Siau Ih yang biasanya pandai bicara, kala itu benar-benar kehabisan kata-kata.

„Siaute bernama Liong Go, mohon tanya siapakah nama terhormat dari hengtay?" kata pelajar cantik itu pula.

Siau Ih pun memperkenalkan dirinya.

Berkata lagi pelajar Liong Go itu: „Menilik membekal pedang, tentulah Siau-heng ini juga kaum persilatan."

Siau Ih menyahut dengan merendah, bahwa pedangnya itu adalah warisan keluarganya untuk sekedar menjaga diri saja.

„Ah, Siau-heng keliwat merendah. Sejak kecil Siaute pun gemar belajar silat. Pedang Siau-heng itu tentulah bukan senjata sembarangan, apakah Siaute boleh meminjam lihat barang sebentar saja?"

Siau Ih menjadi kewalahan. Hati menolak namun mulut berat menyatakan. Sejenak merenung, akhirnya dia menyahut: „Sudah tentu boleh, mari silahkan Liong-heng melihatnya." Thian-coat-kiam segera diangsurkan.

Liong Go menyambuti dengan kedua tangan. Sekali menjentik pelahan-lahan, batang pedang itu berdering nyaring laksana aum naga. Demi dilolos dari kerangkanya, pedang itu memancarkan cahaya bening berkilau-kilauan. Wajah Liong Go mengerut kejut.

„Sudah lama sekali pedang Thian-coat-kiam itu menghilang. Benar tak menyamai kesaktian pedang-pedang Kan-ciang, Bok-ya, Ki-kwat dan Liong-cwan, namun juga sebuah pusaka persilatan yang jarang terdapat. Dengan memiliki pedang pusaka macam begini, ilmu kepandaian saudara tentu amat tinggi. Entah siapakah suhu terhormat dari hengtay itu?"

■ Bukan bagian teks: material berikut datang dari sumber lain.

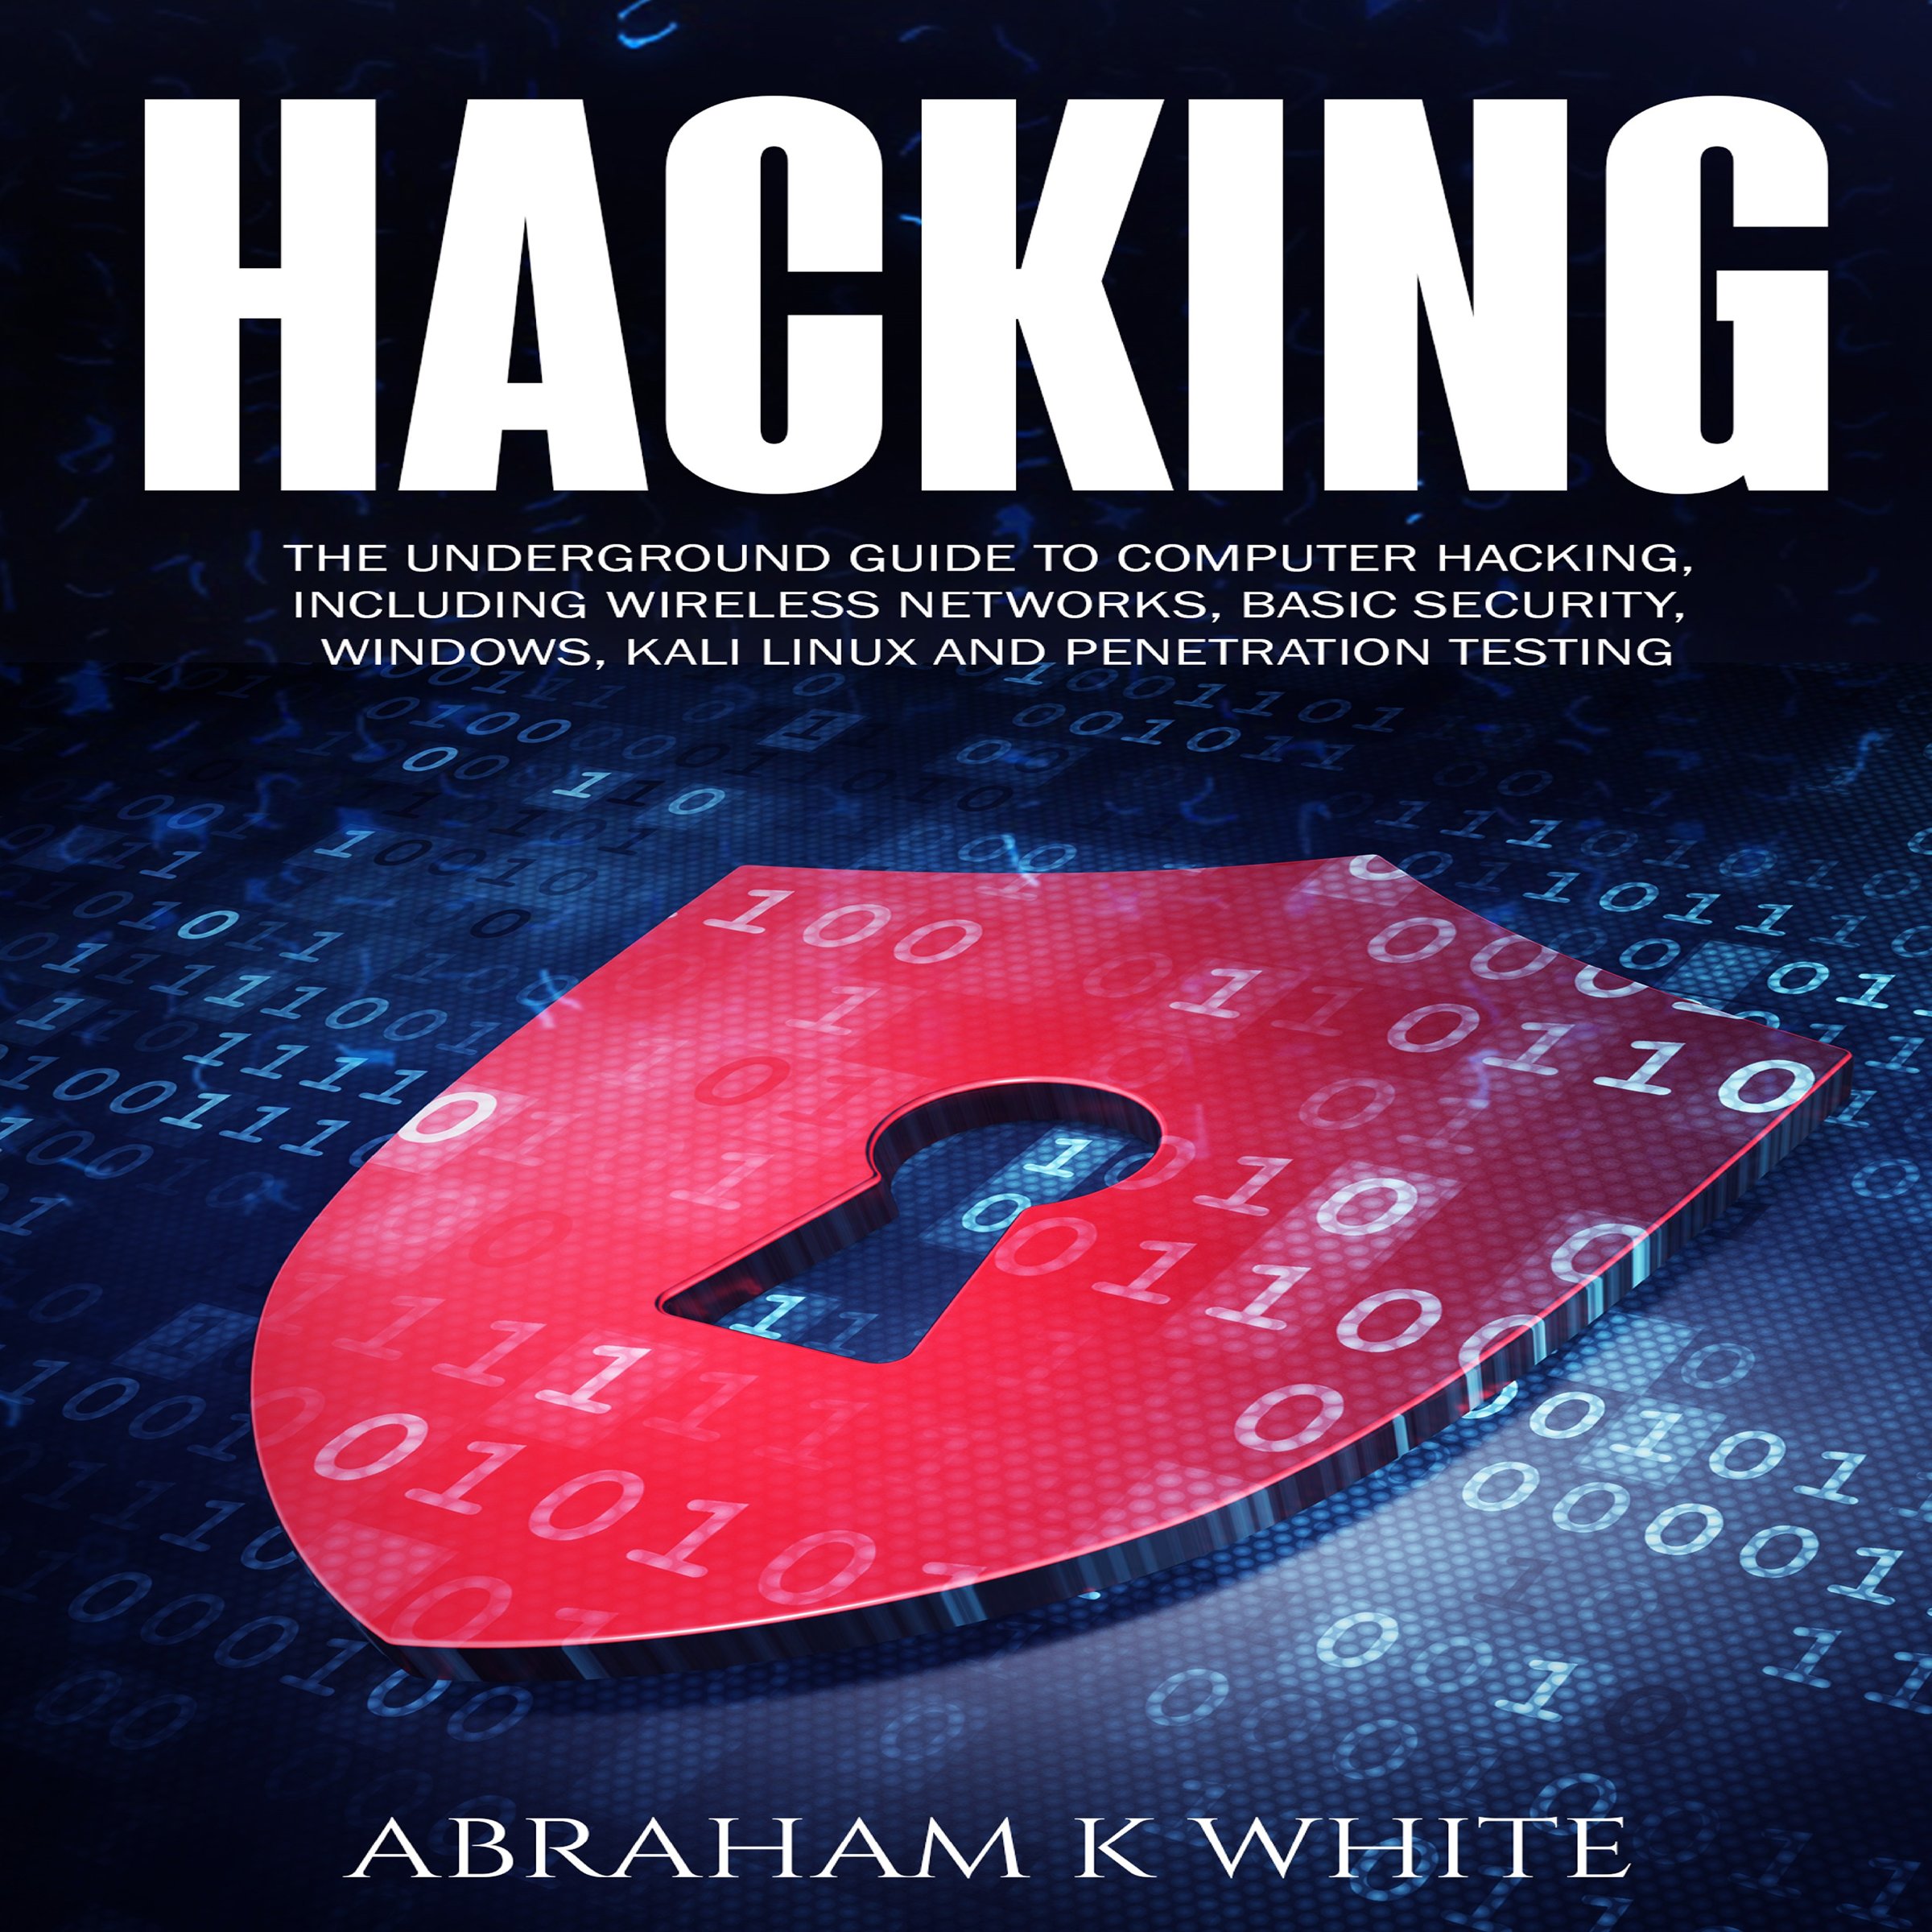 Hacking: The Underground Guide to Computer Hacking, Including Wireless Networks, Security, Windows, Kali Linux, and Penetration Testing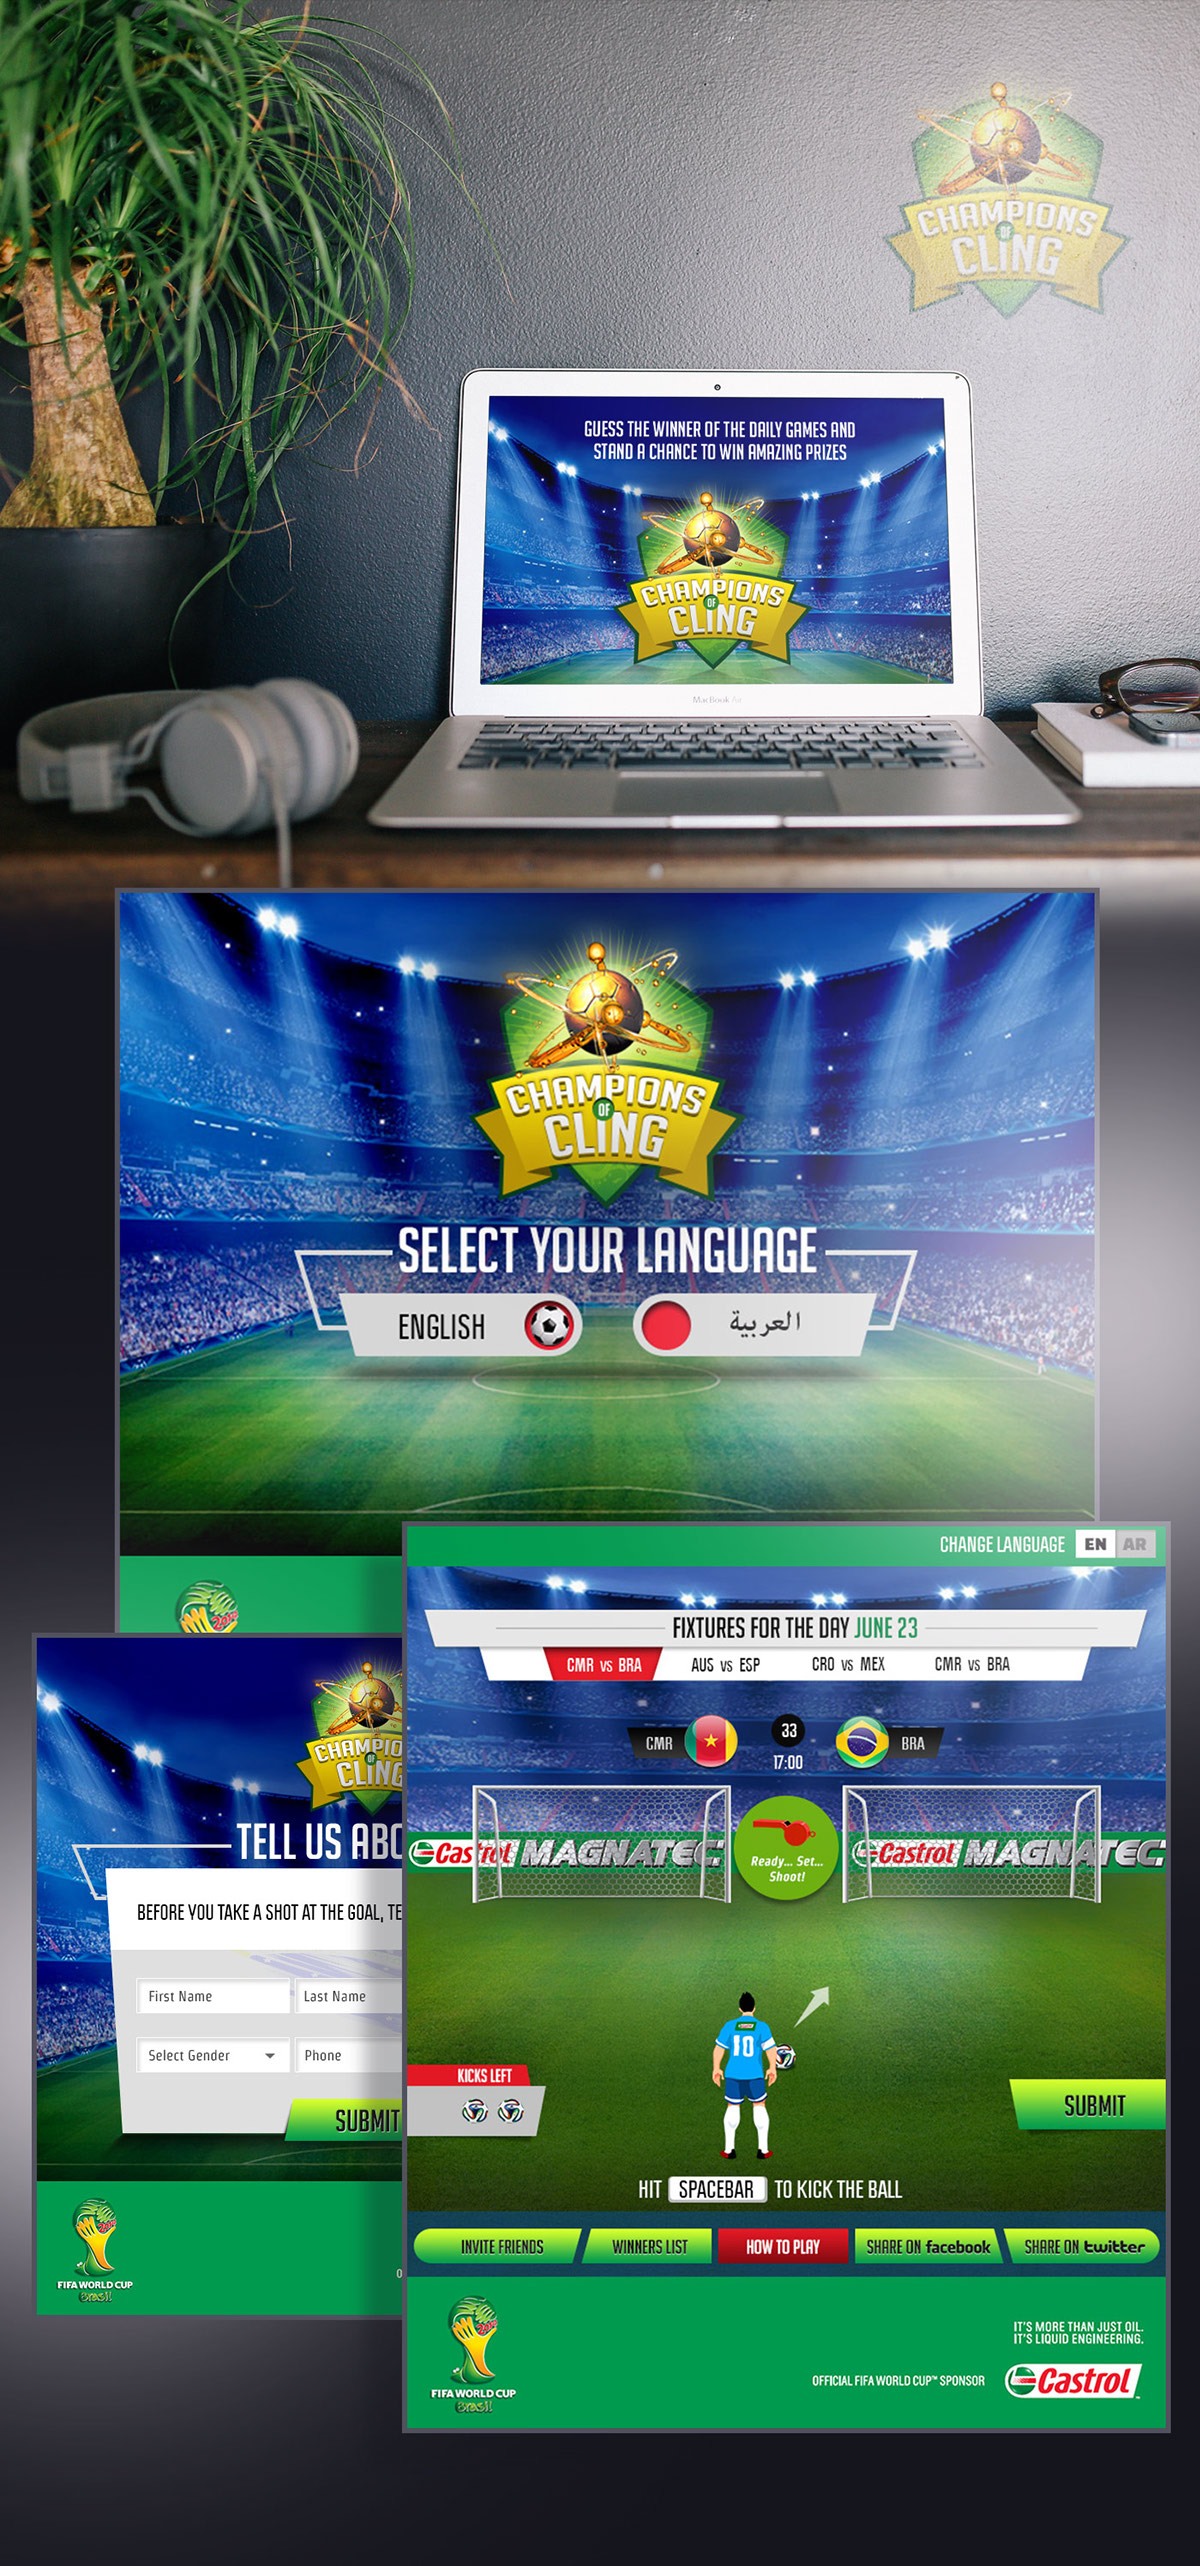 interactive game Castrol Champions cling

Ditanya begitu, kembali wajah Siau Ih menjadi merah. Tersipu-sipu dia menyahut: „kepandaian Siaute hanya berasal dari engkong, mana dapat mencapai tingkat tinggi."

Setelah memasukkan pedang ke dalam sarung dan menyerahkan kembali, berkatalah Liong Go: „Kalau begitu, seperti halnya dengan Siaute, pun sejak kecil hanya mendapat pelajaran silat dari engkongku. Dahulu sewaktu engkong masih aktif, kaum persilatan telah memberi gelaran Thiat-san- sian (si Dewa Kipas Besi)."

Siau Ih terbeliak kaget, serunya: „Oh, kiranya Liong-heng ini adalah cucu dari Liong Bu-ki locianpwe, tokoh dari sepuluh Datuk yang bergelar Tui-hun-cap-sa-san (Tigabelas kipas perengut jiwa). Kipas yang Liong-heng bawa itu, tentulah pusaka milik Liong locianpwe dahulu, maaf, Siaute sudah berlaku kurang hormat tadi!"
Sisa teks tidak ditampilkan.